With traditional screen printing, it takes the same amount to time to process and set up a job regardless of how many shirts you want. So if you want 1 shirt, or 100 shirts, the time the shop invests in your order to get it to press is the same. That includes customer services, billing, art separations, screen prep, registration, inking and test print. Lets say the time invested by the shop for this order is $200 after we account for all the time each department spent on the order, the cost of employees, materials, overhead of the building, etc.

So, if you only want 1 shirt, the shop would have to charge you $200 for the shirt, just to make NO money. After the horror and hatred wear off your face, they would have to explain this all to you so you don’t leave and tell all your insta-snap friends that they are an awful establishment and are outrageously priced, (not that we think anyone would ever jump to conclusions without having all the information, that NEVER happens 🙂 Rather than go through this scenario multiple times a week, shops will do little math and establish what their minimum print orders can be to still be profitable.

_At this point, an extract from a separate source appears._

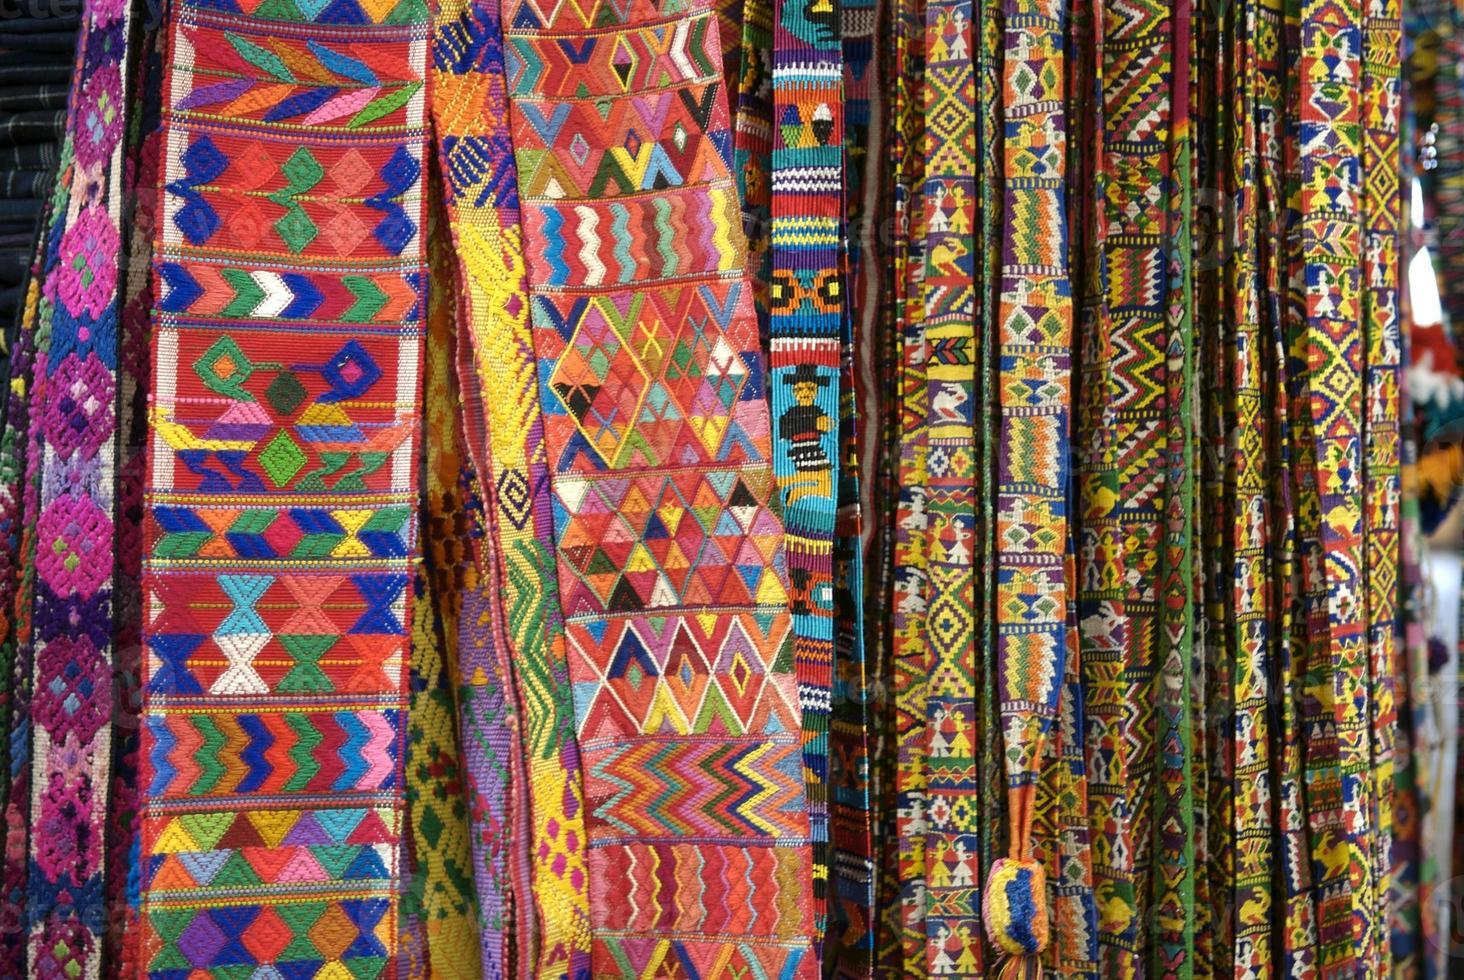 tejido guatemalteco foto

Maybe you just read this and are saying, “jeez, thanks, but I STILL only need 2 shirts; a 3XL, and a 0-6 month onesie….”

So what are your options?

  1. Some shops utilize DTG (Direct to Garment) machines. Think oversized ink jet printer that can print on shirts. These machines do not require any set up or screens, just upload the design, and printer does the rest. So why isn’t everyone using these? These are not going to give you the same quality as traditional screen printing, but for one-off pieces, it is usually good enough. These machines also take longer per shirt, so if you wanted 50 shirts, traditional screen printing would still be a better fit.
  2. Heat Press. Some shops also offer cad cut vinyl film that can be heat pressed. This method works well for one color simple designs, like if you wanted to make a single shirt with some funny text on it for a party.